55635b530423bdd1478b4567

Film Seven Something: Memahami Digital Behaviour ABG

Tulisan ini sebenarnya sudah diniatkan sejak lama, namun baru sempat sekarang untuk menuliskan. Pernah dengar film Seven Something? Ini adalah film Thailand yang sangat populer bukan hanya di negaranya tetapi juga di Indonesia. Filmnya sebenarnya terbagi atas 3 cerita lepas. Namun yang menarik adalah cerita pertama, yang menceritakan kisah percintaan ABG masa kini. Yang tidak lepas dengan namanya social media. Dari situ kita akan bisa memahami, seperti apa sebenarnya keterlibatan mereka dengan social media, dan bagaimana perilaku digital mereka yang sangat canggih.

Early Adopter Digital

Dalam film ini digambarkan betapa canggihnya para ABG masa kini, ketika jadian langsung update status via Facebook. Tiap malam komunikasi ama pacarnya via Skype (padahal satu sekolahan), mengungkapkan penyesalan dan perasaan dengan mengupload video di Youtube. Mereka generasi yang canggih, dan memang kenyataannya memang seperti ini, bukan hanya sekedar di film saja. Bagi generasi yang lebih tua seperti saya walaupun sangat aktif di digital. Melihat perilakunya saja sudah geleng-geleng kepala. Tapi bagi mereka itu sudah bagian yang tak terpisahkan, dan biasa saja. Maka pemasar pahami dan camkan ini. Mereka adalah generasi digital native!

Attention Seeker

Dalam film ini ditunjukkan dengan adegan setiap beberapa menit, tokoh utamanya merefresh Youtube, untuk melihat berapa banyak yang sudah views videonya. Kayaknya ini hal yang wajar bagi ABG. Mereka pengen didengar. Youtube adalah salah satu channel bagi mereka untuk menyuarakan pendapat dan ekspresinya. Hal ini jugalah yang menjadi pesan utama dari film Step Up Revolution.  Bagaimana dengan ABG Indonesia? Apakah mereka juga terobsesi untuk mencari perhatian, dan terkesima dengan Youtube views. Coba lihat video Happy Holiday , mereka bikin sensasi nerjang air mancur. Dan berjanji akan nyebur di kolam Bundaran HI kalau viewsnya sampai 100.000. Dan akhirnya janji itu direalisasikan di video Flashmob Gangnam Style.

Narsis di Social Media

Banyak sekali adegan-adegan dimana mereka foto berdua, lalu langsung di upload fotonya ke Facebook. Tiap pindah tempat akan check in dulu di Foursquare dan update Twitter. Ketika memesan makanan, juga haram hukumnya langsung dimakan, tapi wajib foto dulu makanannya dan di upload ke social media. Ada hal yang menarik ternyata kebiasaan pamer foto makanan, adalah budaya orang Asia dimana pun. Sampai ada blog khusus yang mendokumentasikan kebiasaan unik ini. Nggak percaya coba cek tumblr Picture of Asians Taking Pictures of Food.
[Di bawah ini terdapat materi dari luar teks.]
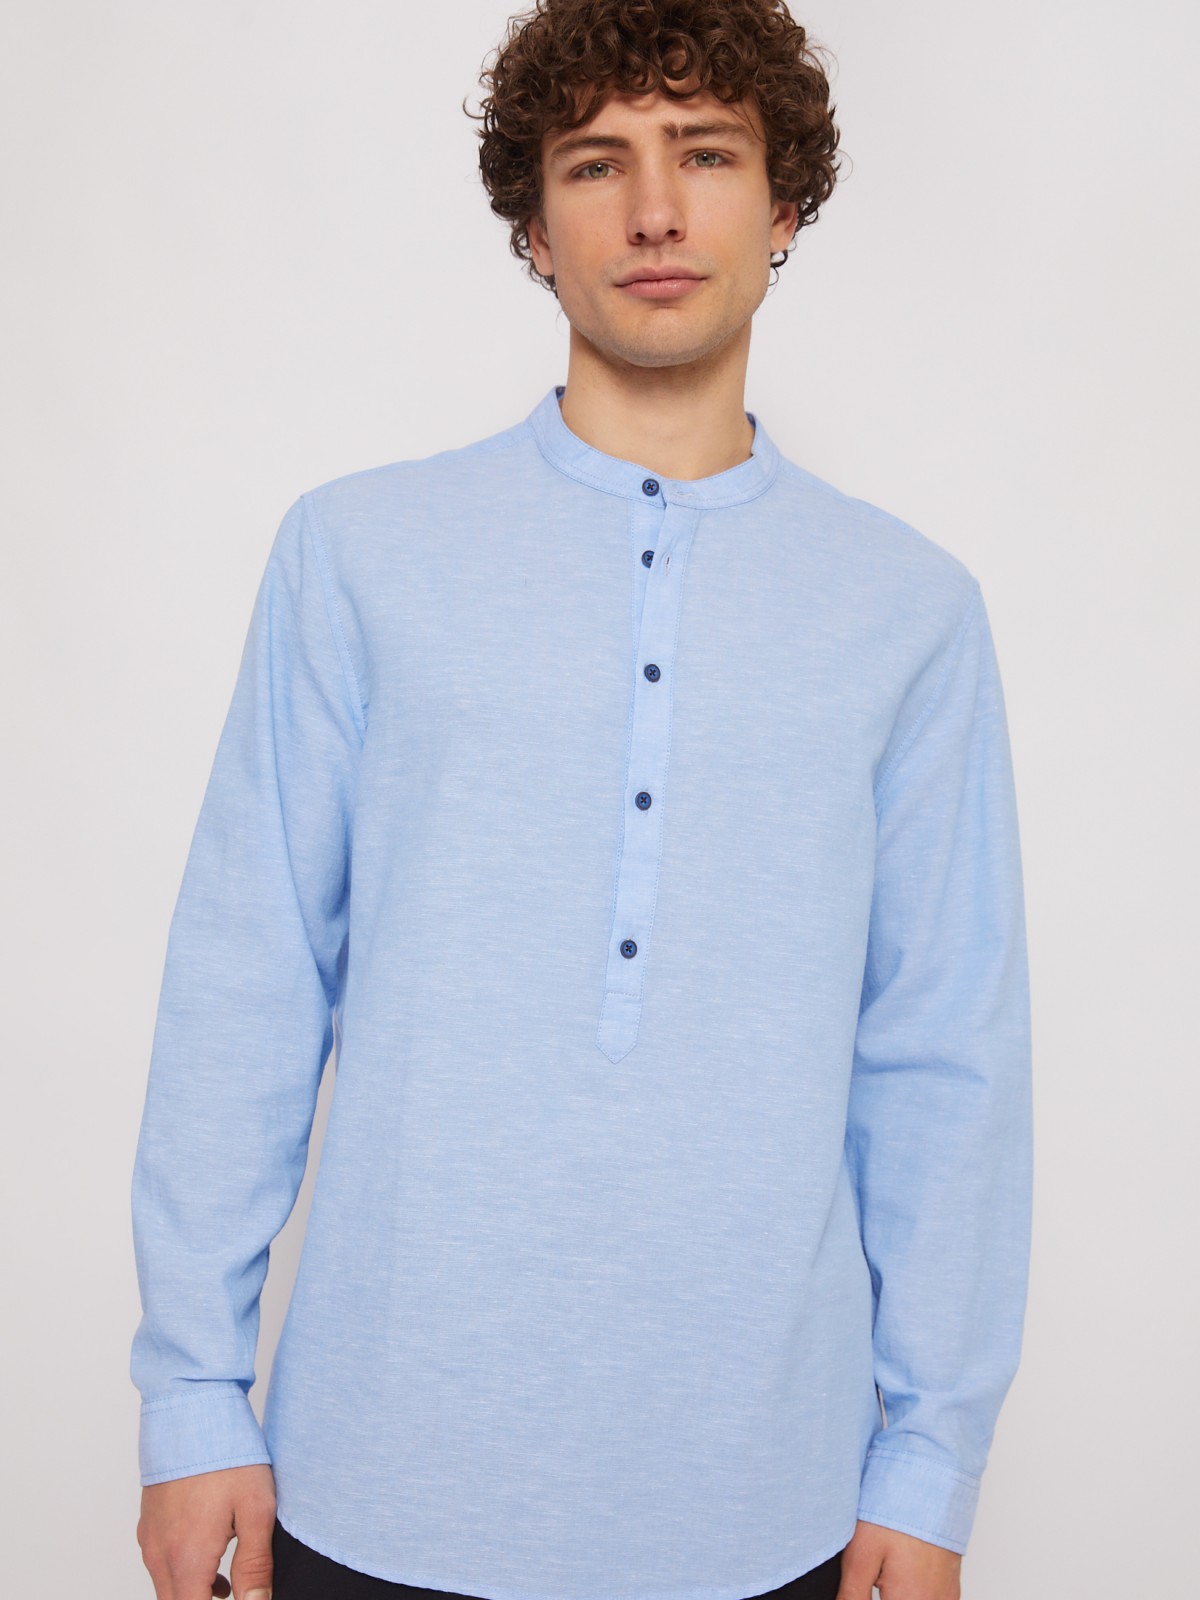 Льняная рубашка прямого силуэта zolla 014222162013, цвет светло-голубой, размер L - фото 3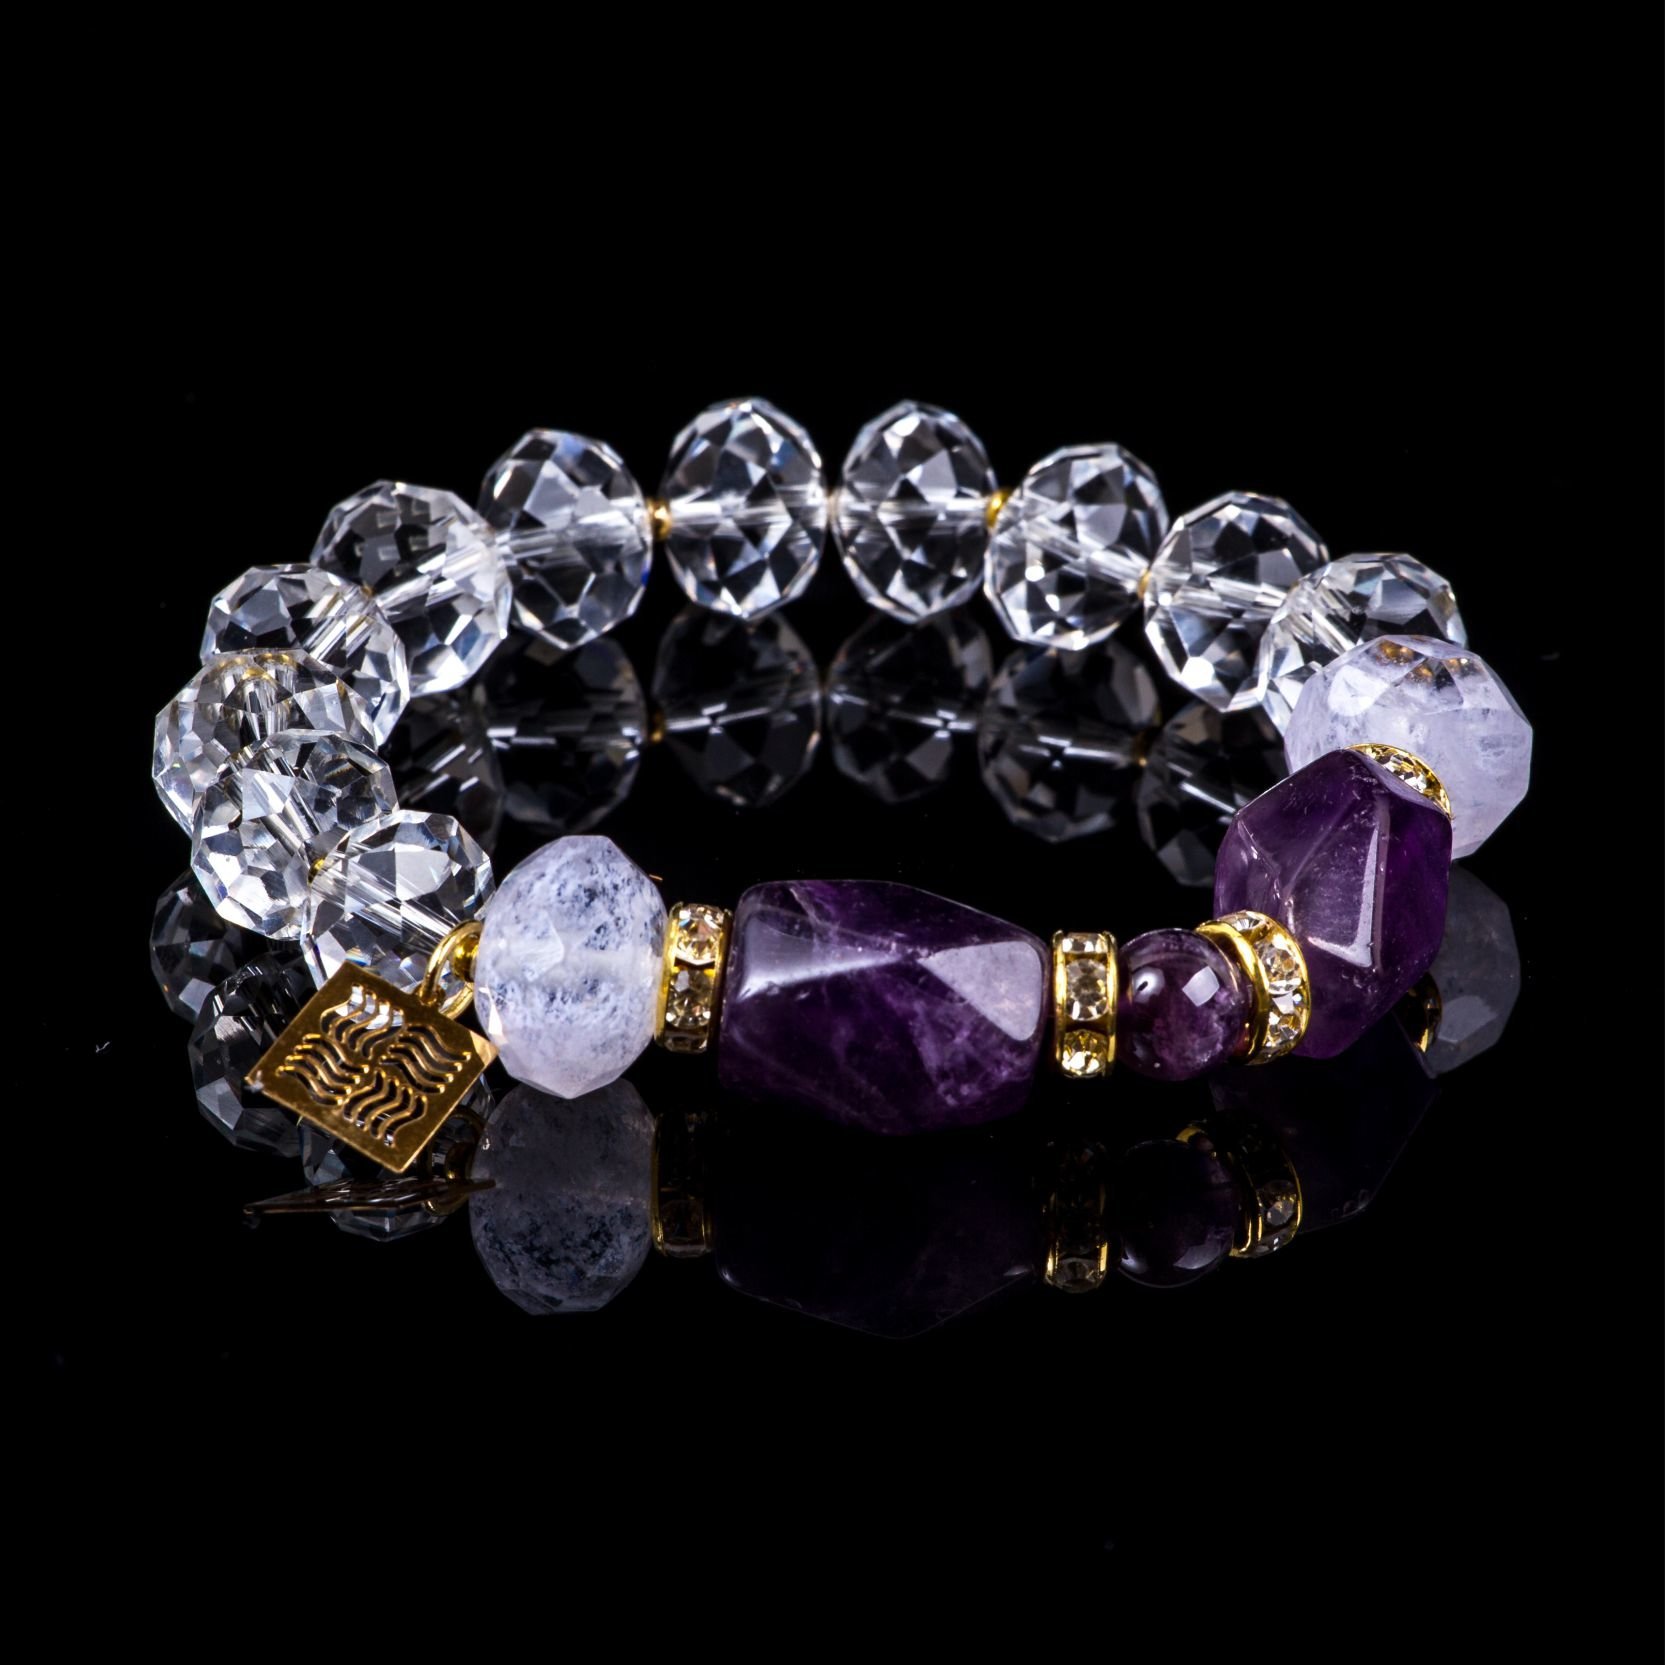 Bracelet of the collection "Crystal Symphony"

Canggih dalam Editing Foto & Video

Dalam film ni diceritakan juga aktor utamanya yang masih sekolah canggih dalam edit video, yang dibuat layaknya oleh para profesional. Kalau Anda melihat video dari Happy Holiday mungkin juga kaget begitu rapi mereka mengedit videonya. Sepertinya kompetensi ini sudah menjadi keahlian dasar bat mereka untuk menunjang hasrat narsis. Rasanya gedeg-gedeg waktu nonton film ini.

Sangat jeli, penulis naskah dan sutradaranya memahami kehidupan para ABG masa kini. Para pemasar yang segmennya ABG, apakah juga tahu tentang ini? Kalau belum terbayang, wajib nonton filmnya, untuk bisa memahami betapa riuhnya kehidupan ABG dan social media yang menjadi bagian keseharian mereka.